Images aside, the whole listing should be written out word for word.

(Beginning of Available data)

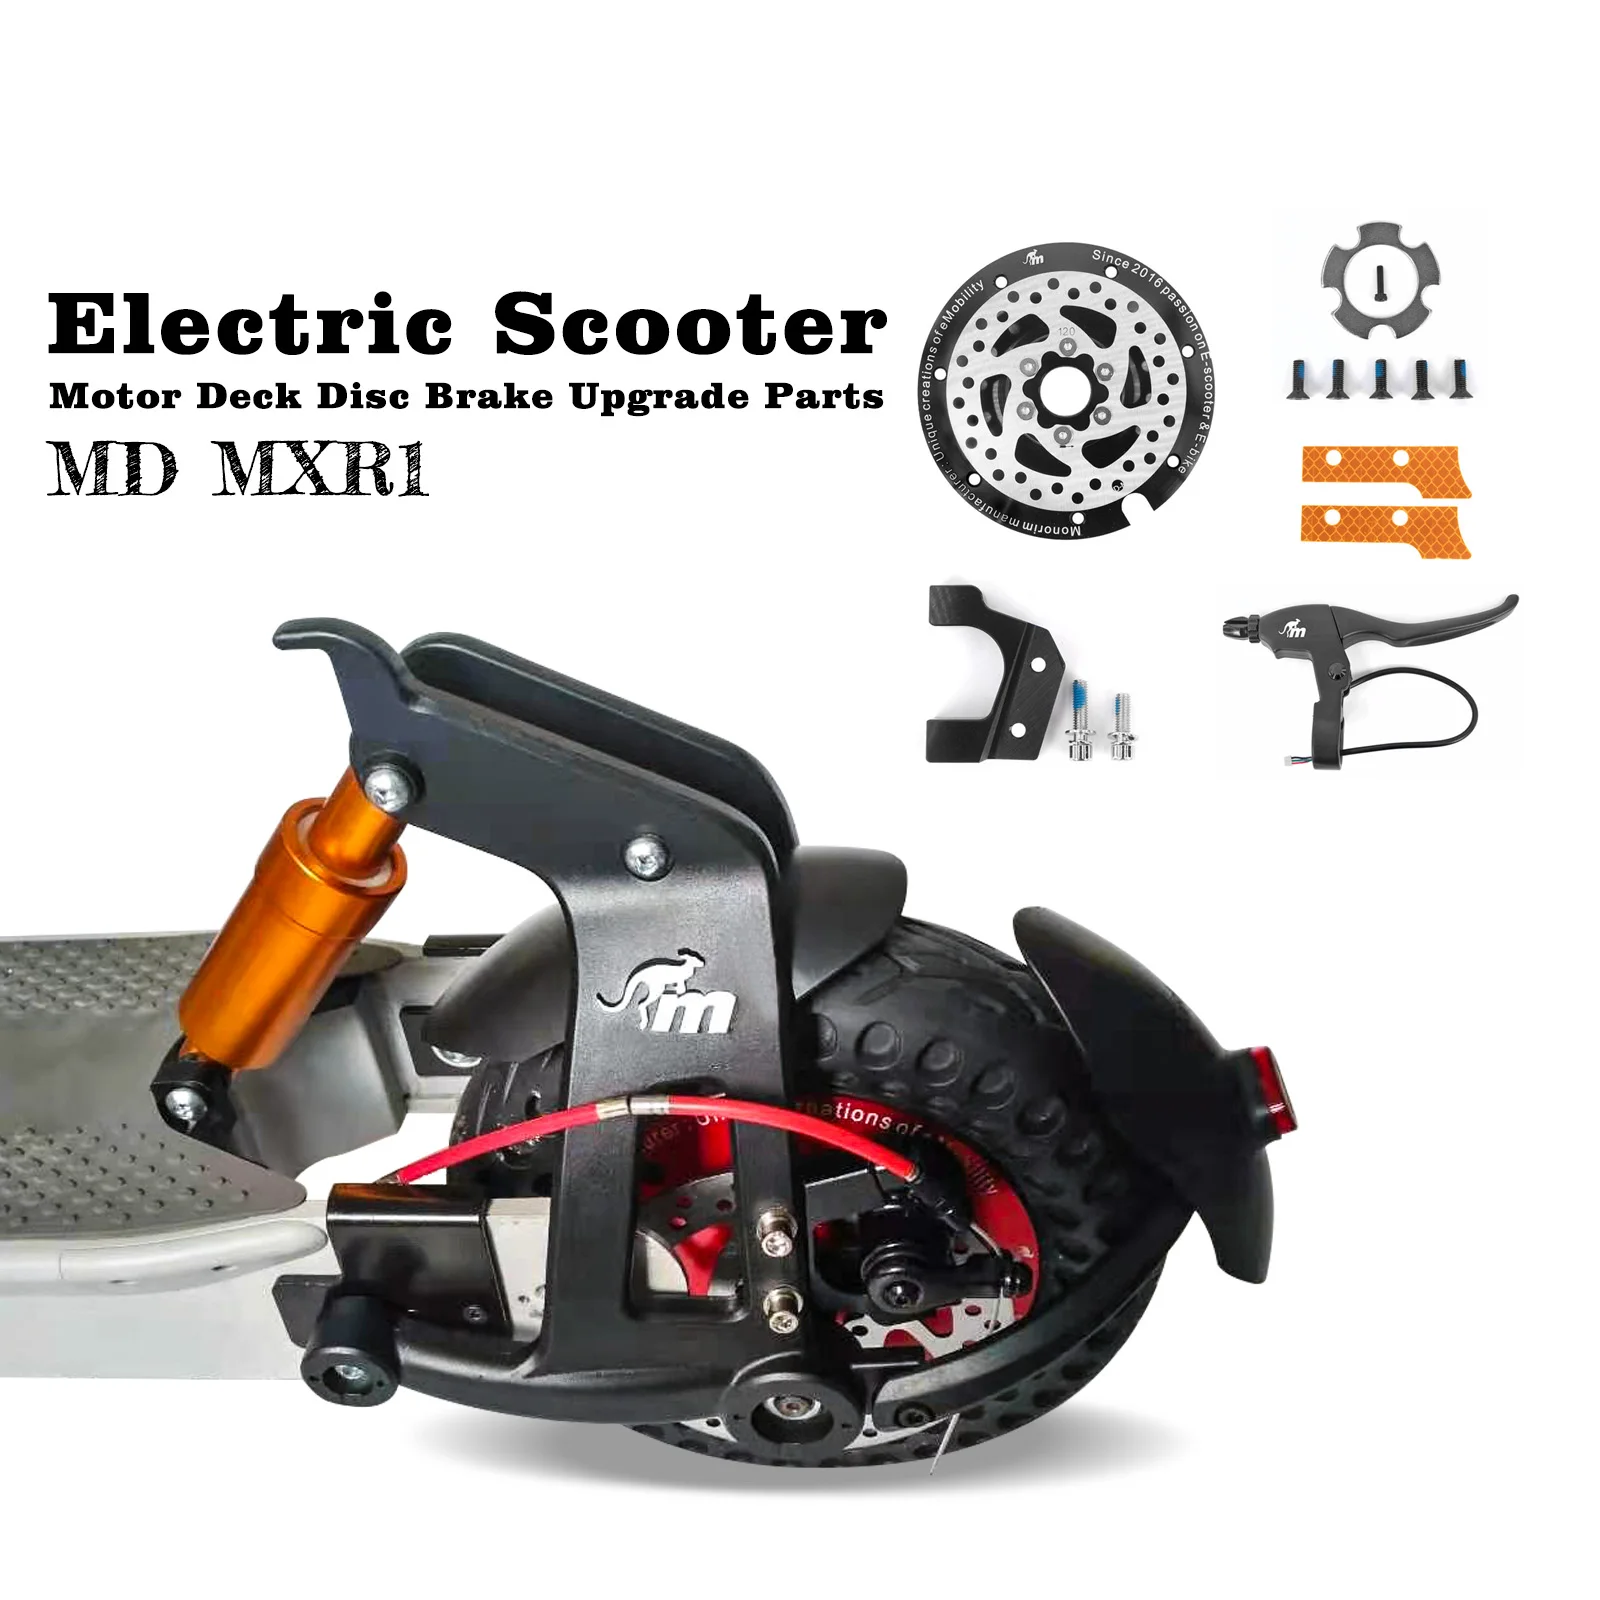 

MONORIM MD-MXR1 Scooter Disc Brake Upgrade Parts for Segway Max G30 D E P DII LEII LD LE LP, 120/140mm for Rear Motor with MXR1
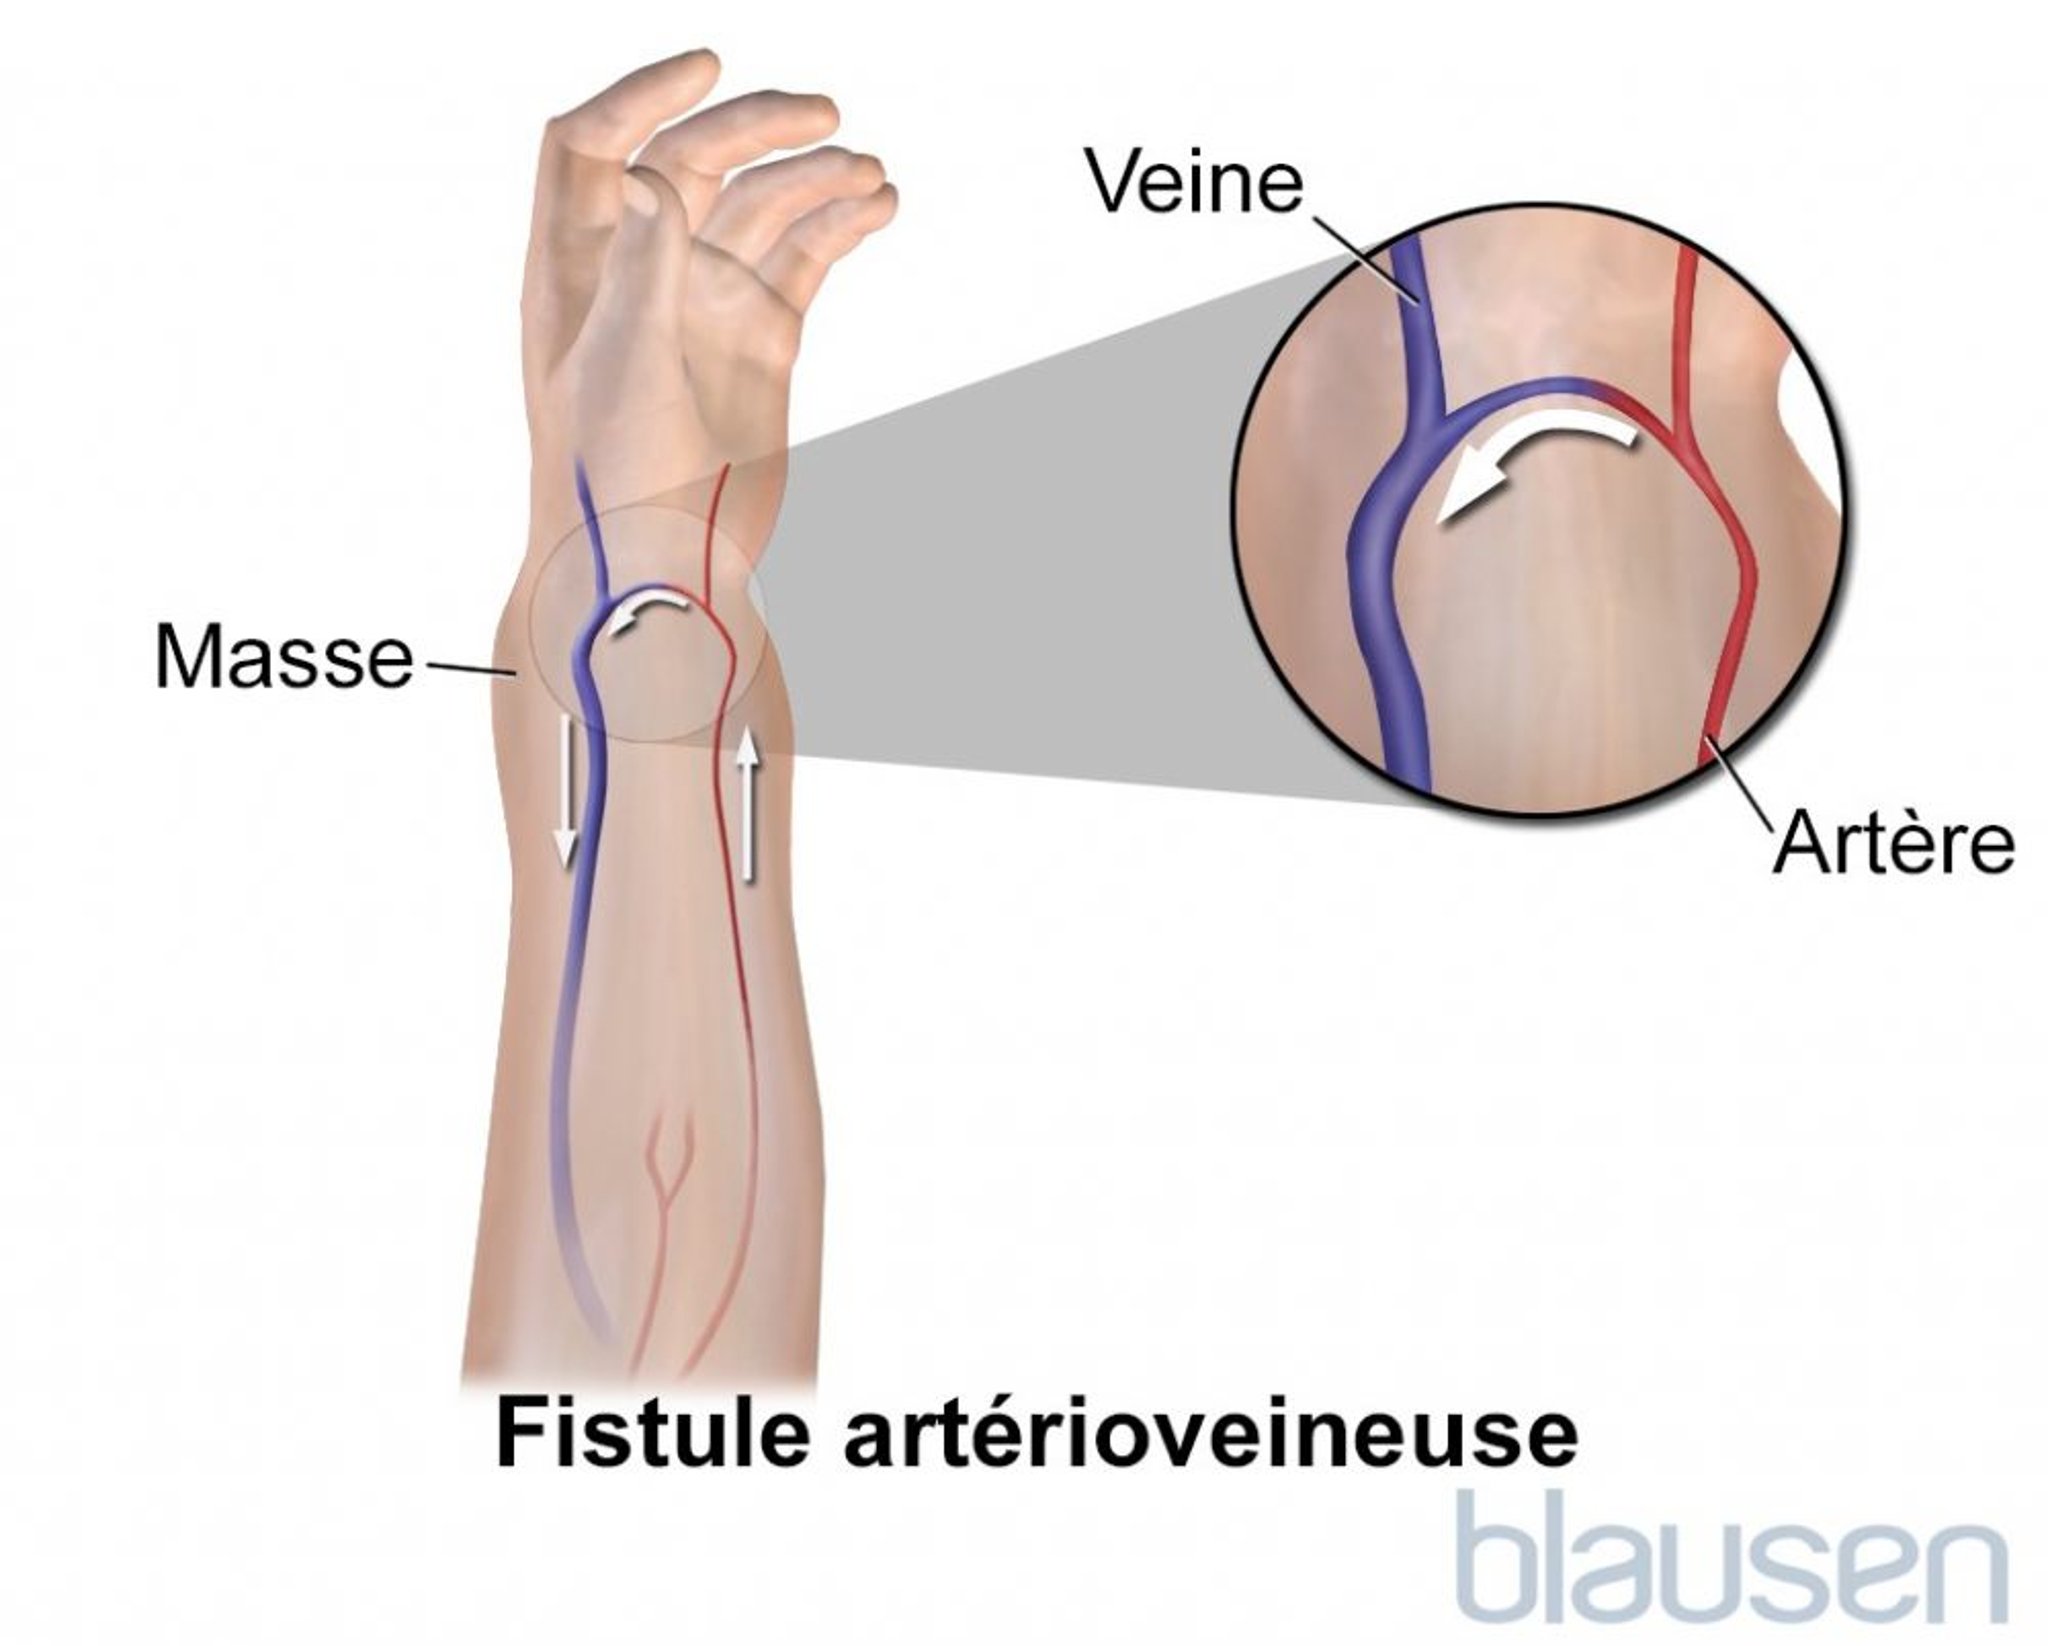 Fistule artério-veineuse
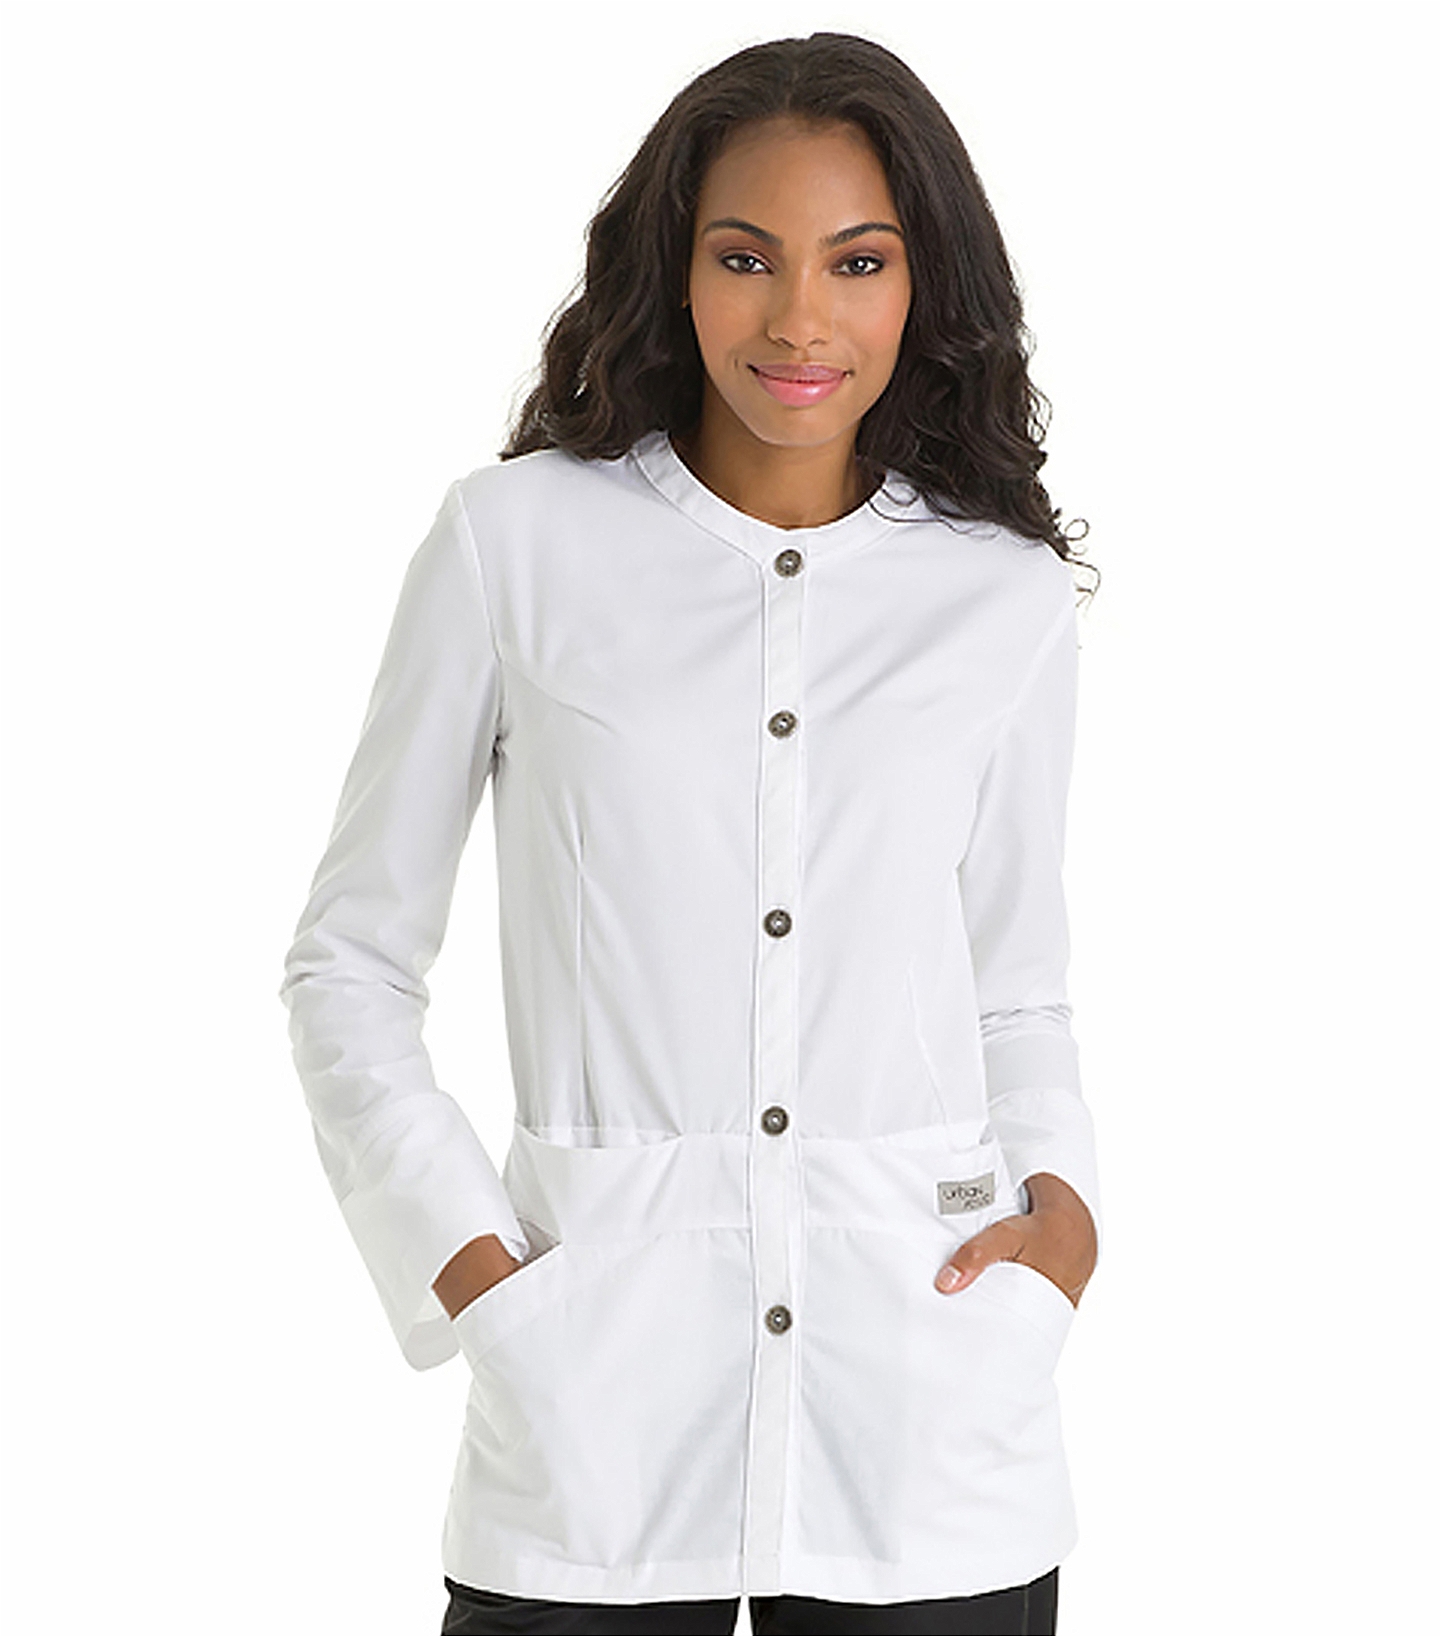 Urbane Women's Button Front White Lab Jacket-9607

(End of Available data)

Solution for this problem:
MONORIM MD-MXR1 Scooter Disc Brake Upgrade Parts for Segway Max G30 D E P DII LEII LD LE LP, 120/140mm for Rear Motor with MXR1
 Fistule artério-veineuse
 Urbane Women's Button Front White Lab Jacket-9607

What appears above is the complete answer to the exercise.